Re: [PATCH v2 4/4] NFSv4: Treat ENETUNREACH errors as fatal for state recovery

Trond Myklebust <trondmy@xxxxxxxxxxxxxxx> · Tue, 25 Mar 2025 18:50:48 +0000

On Tue, 2025-03-25 at 14:04 -0400, Jeff Layton wrote:
> On Tue, 2025-03-25 at 12:17 -0400, trondmy@xxxxxxxxxx wrote:
> > From: Trond Myklebust <trond.myklebust@xxxxxxxxxxxxxxx>
> > 
> > If a containerised process is killed and causes an ENETUNREACH or
> > ENETDOWN error to be propagated to the state manager, then mark the
> > nfs_client as being dead so that we don't loop in functions that
> > are
> > expecting recovery to succeed.
> > 
> > Signed-off-by: Trond Myklebust <trond.myklebust@xxxxxxxxxxxxxxx>
> > ---
> >  fs/nfs/nfs4state.c | 10 +++++++++-
> >  1 file changed, 9 insertions(+), 1 deletion(-)
> > 
> > diff --git a/fs/nfs/nfs4state.c b/fs/nfs/nfs4state.c
> > index 738eb2789266..14ba3f96e6fc 100644
> > --- a/fs/nfs/nfs4state.c
> > +++ b/fs/nfs/nfs4state.c
> > @@ -2739,7 +2739,15 @@ static void nfs4_state_manager(struct
> > nfs_client *clp)
> >  	pr_warn_ratelimited("NFS: state manager%s%s failed on
> > NFSv4 server %s"
> >  			" with error %d\n", section_sep, section,
> >  			clp->cl_hostname, -status);
> > -	ssleep(1);
> > +	switch (status) {
> > +	case -ENETDOWN:
> > +	case -ENETUNREACH:
> > +		nfs_mark_client_ready(clp, -EIO);
> > +		break;
> 
> Should this be conditional on clnt->cl_netunreach_fatal being true?

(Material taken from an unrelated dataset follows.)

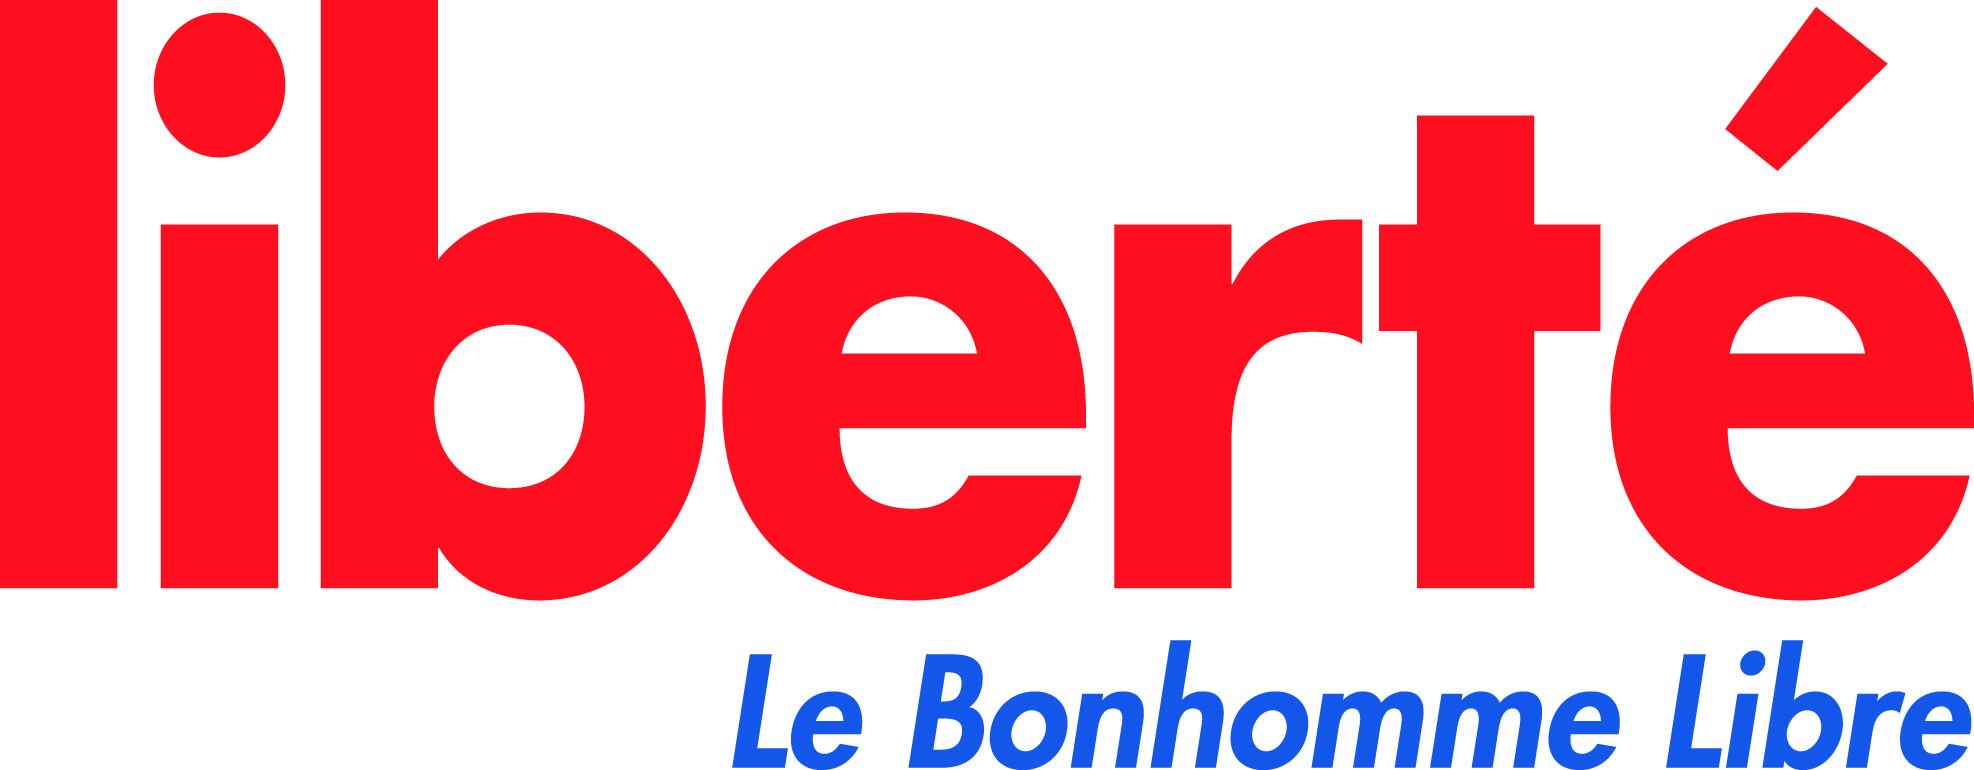 logo_Liberté-Le Bonhomme Libre_2016_Edilivre

I should hope not. We shouldn't ever be seeing these errors here if it
is false.

>  
> > +	default:
> > +		ssleep(1);
> > +		break;
> > +	}
> >  out_drain:
> >  	memalloc_nofs_restore(memflags);
> >  	nfs4_end_drain_session(clp);
> 

-- 
Trond Myklebust
Linux NFS client maintainer, Hammerspace
trond.myklebust@xxxxxxxxxxxxxxx